American journalist (born 1964)

Deneen Laverne Borelli (born May 28, 1964) is an American conservative author, radio and television personality, and columnist.

== Career ==
Borelli worked at Philip Morris for twenty years. She is the author of Blacklash: How Obama and the Left are Driving Americans to the Government Plantation, a 2012 political book on what she describes as progressivism, crony capitalism, and elitism under the Obama administration.

Borelli was a host on BlazeTV; has spoken at Tea Party rallies; was the Outreach Director for Tea Party group FreedomWorks overseeing its Empower.org outreach program; and a Manager of Media Relations with the Congress of Racial Equality (CORE). Borelli was also a Senior Fellow with Project 21, a network of black conservatives organized by the National Center for Public Policy Research.

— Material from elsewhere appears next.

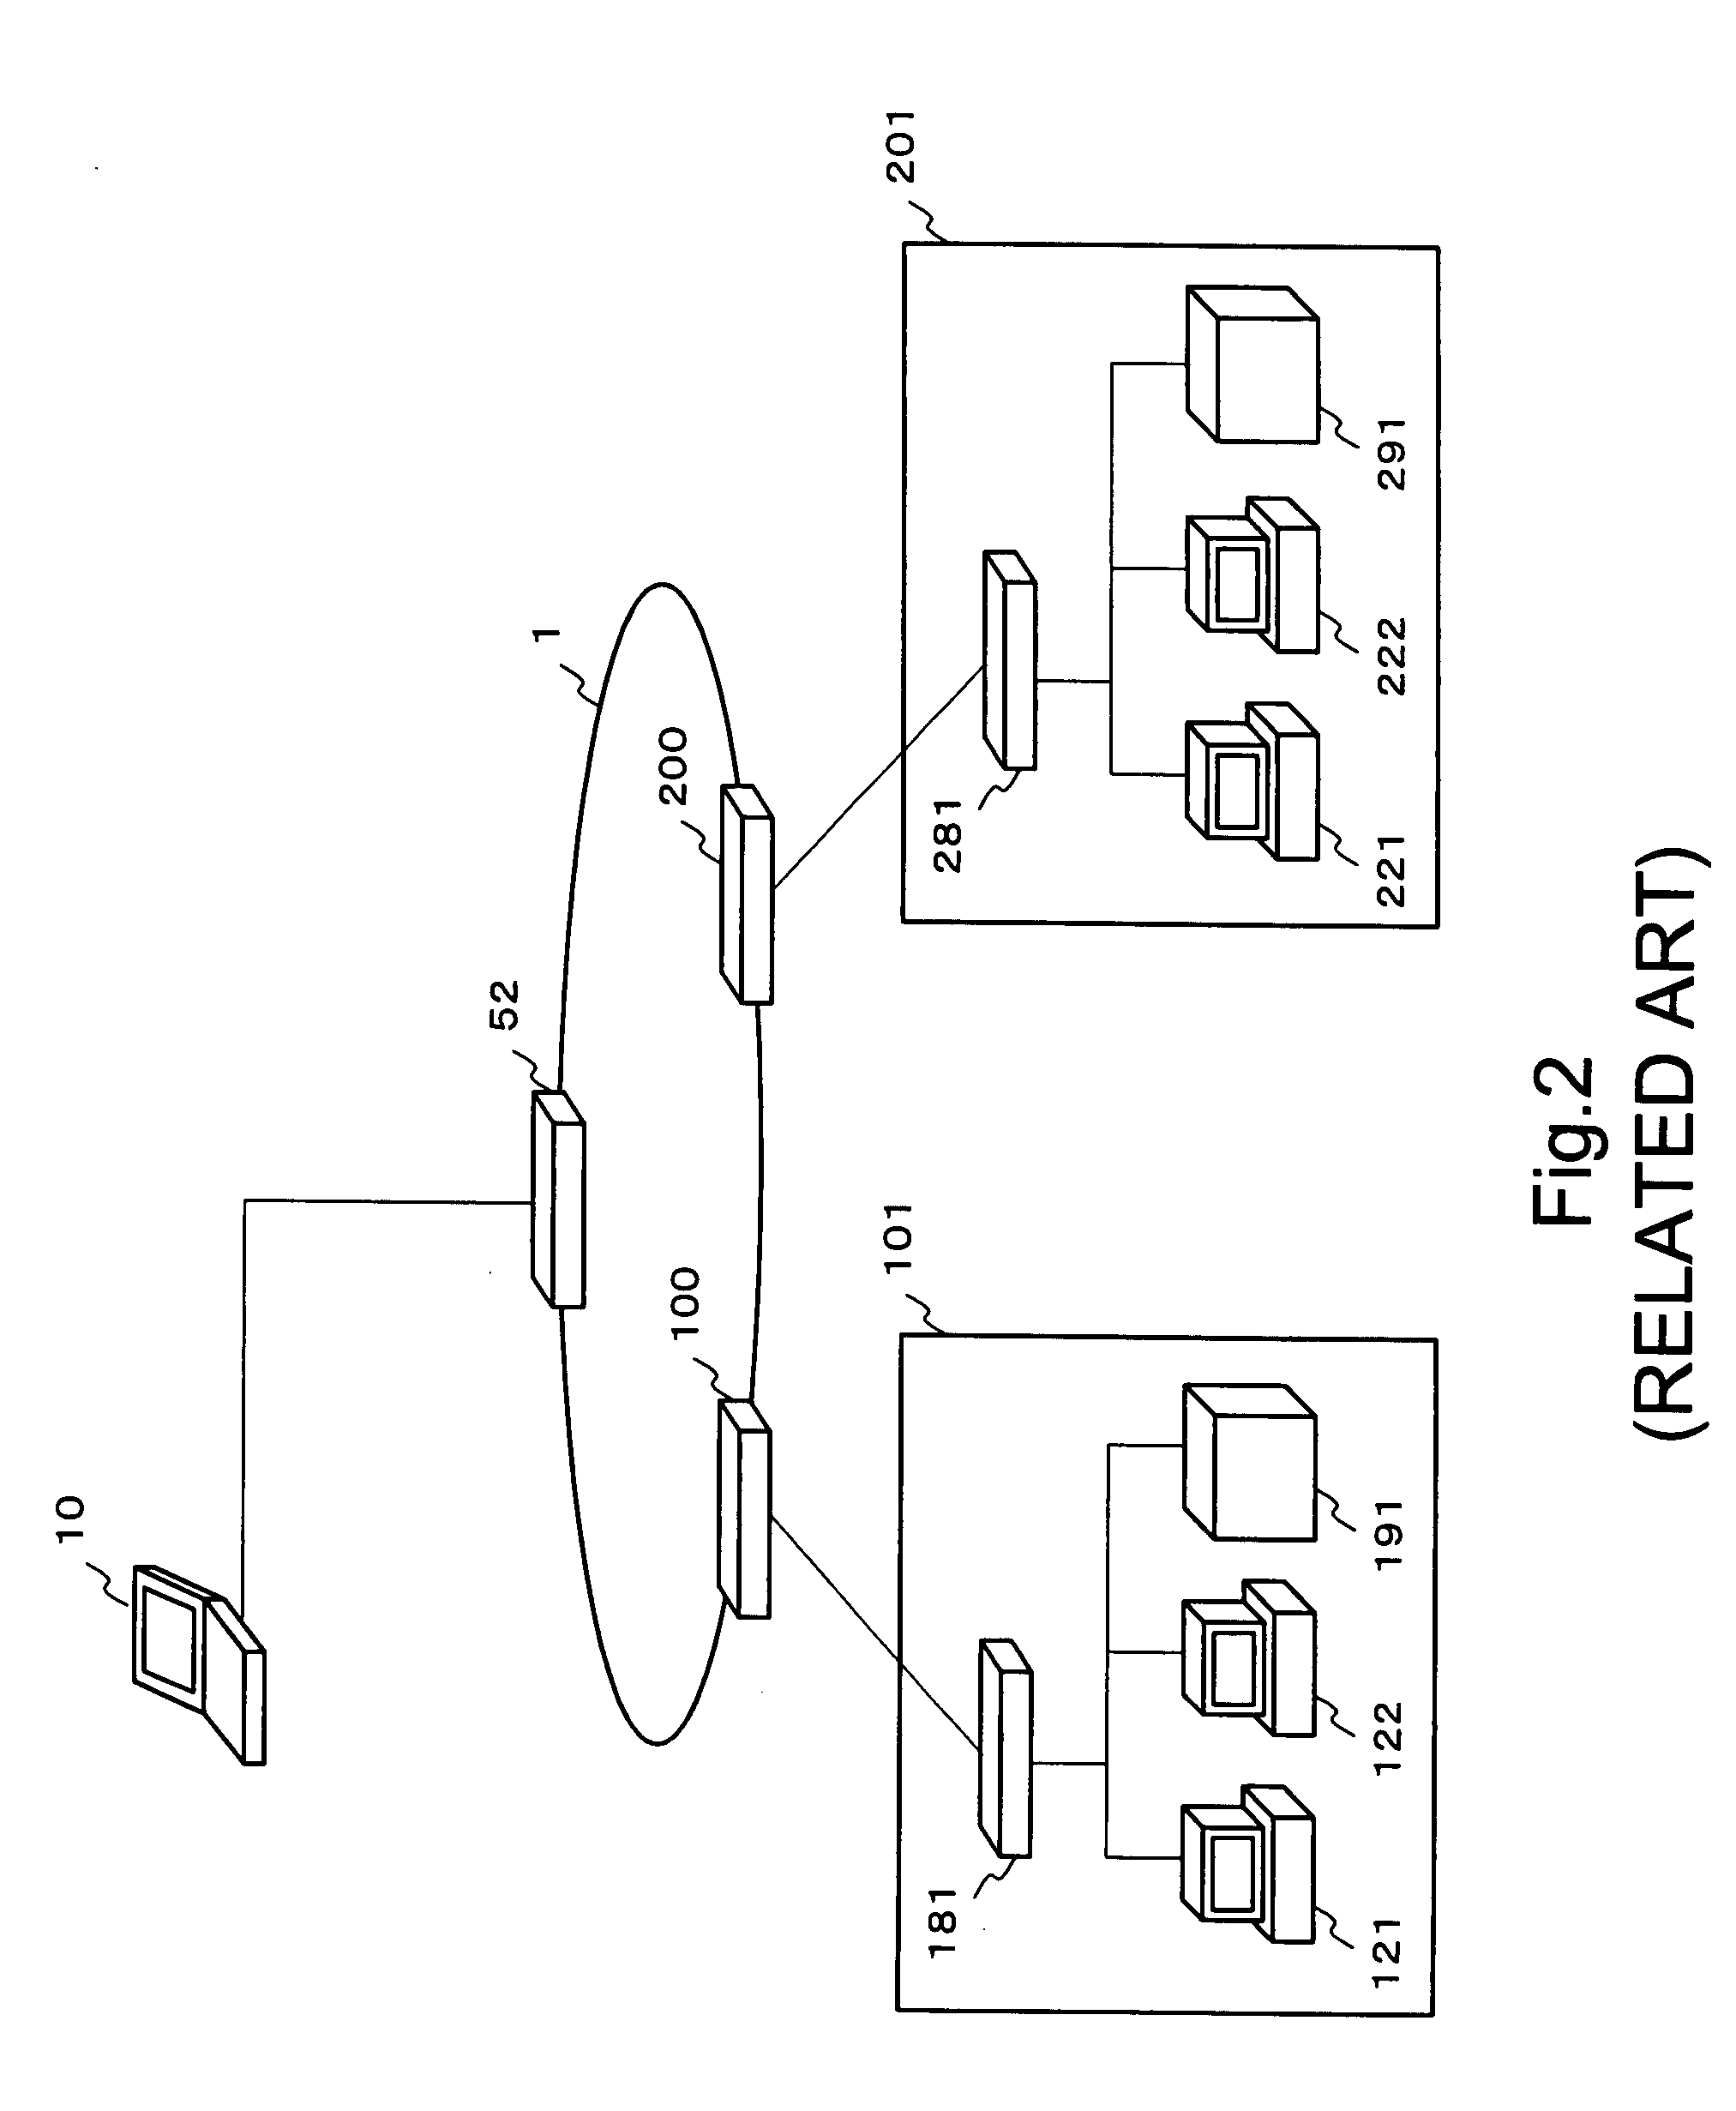 Apparatus and a system for remote control and a method thereof
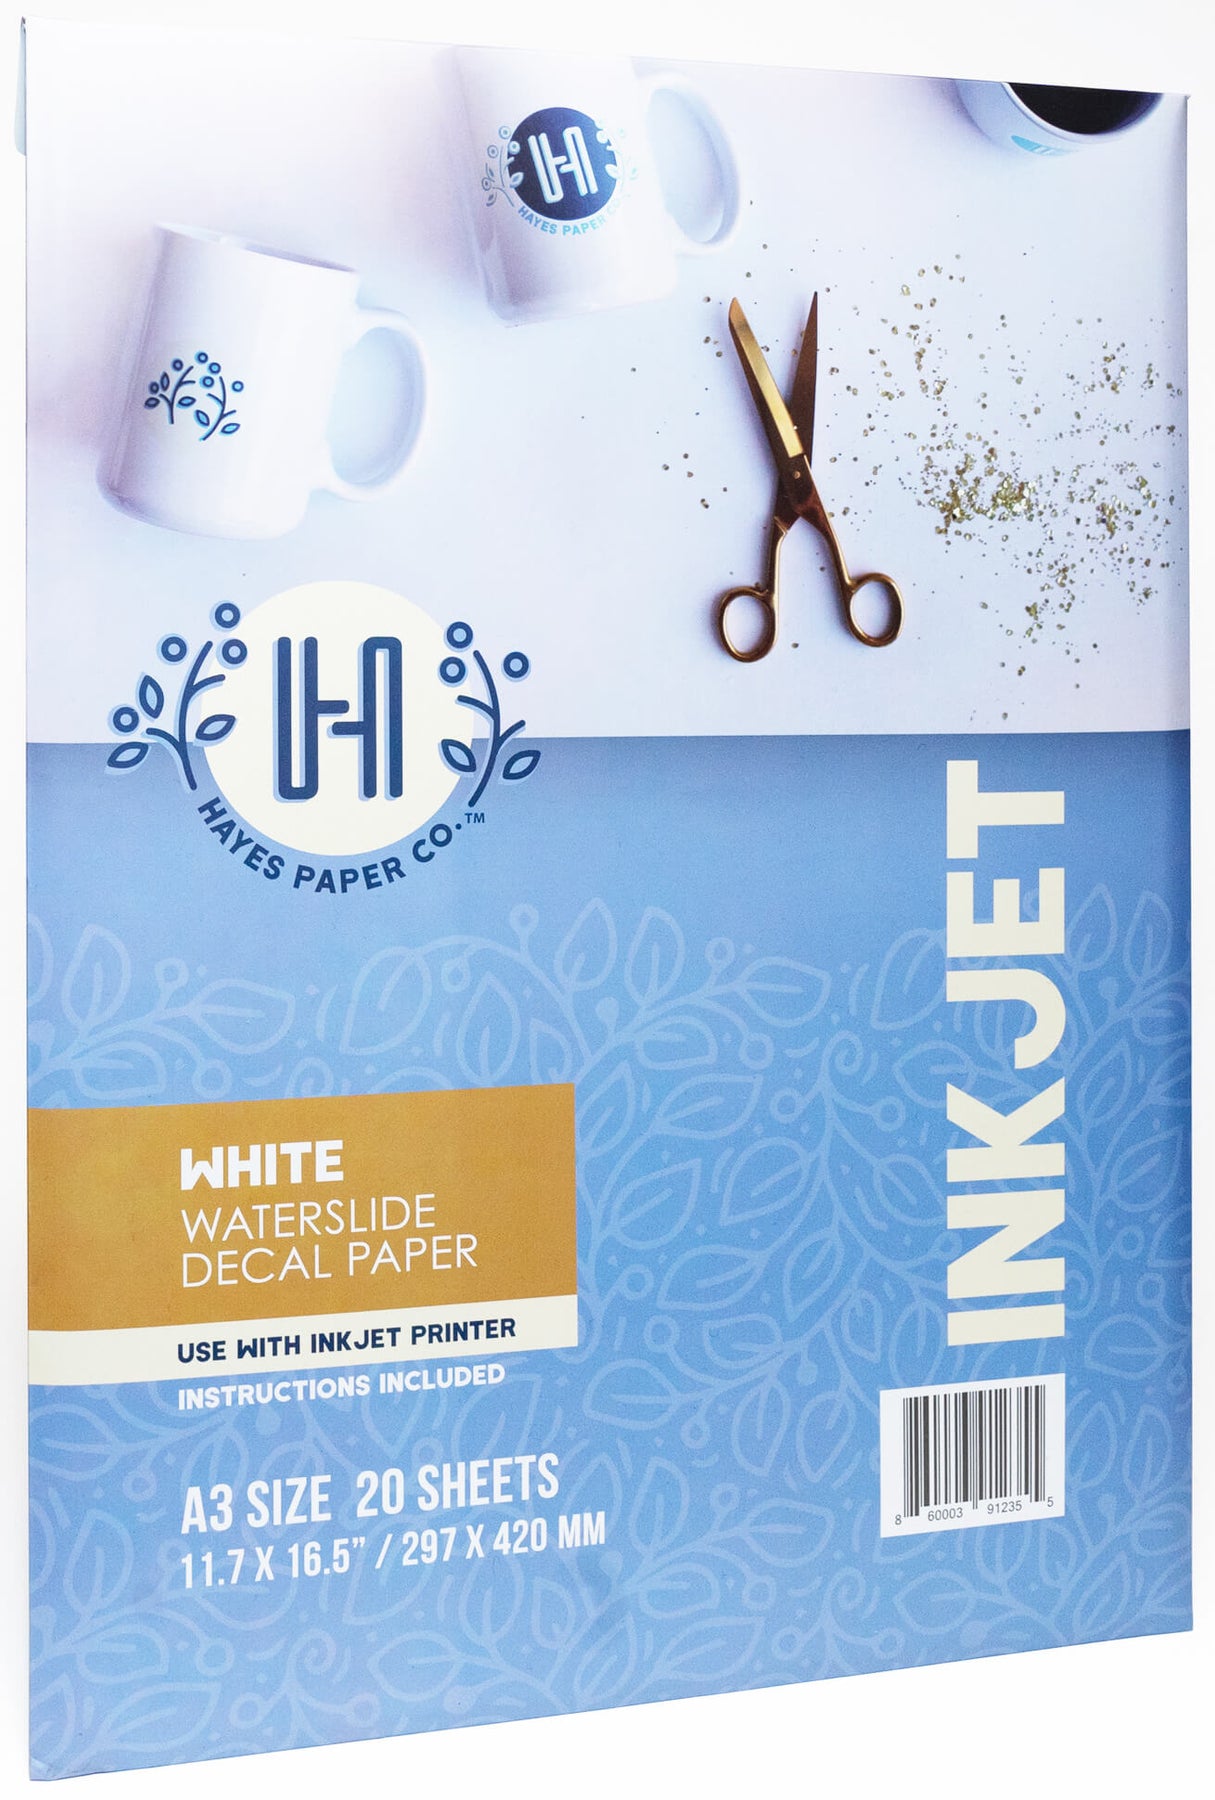 Hayes Paper, Waterslide Decal Paper Inkjet Clear 20 Sheets Premium Water-Slide Transfer Transparent, Printable, A4 Size

Borelli is a contributor on Newsmax. She was previously a contributor on Fox News and Fox Business and has appeared on programs such as Hannity, Fox & Friends, Your World with Neil Cavuto, America's Newsroom, Making Money with Charles Payne, Trish Regan Primetime, and Lou Dobbs Tonight.

Borelli is a guest host with SiriusXM Patriot satellite radio and fills in for national broadcast radio shows including The Sean Hannity Show, The David Webb Show, and The Wilkow Majority.

== Personal life ==
She is married to Tom Borelli and is Catholic.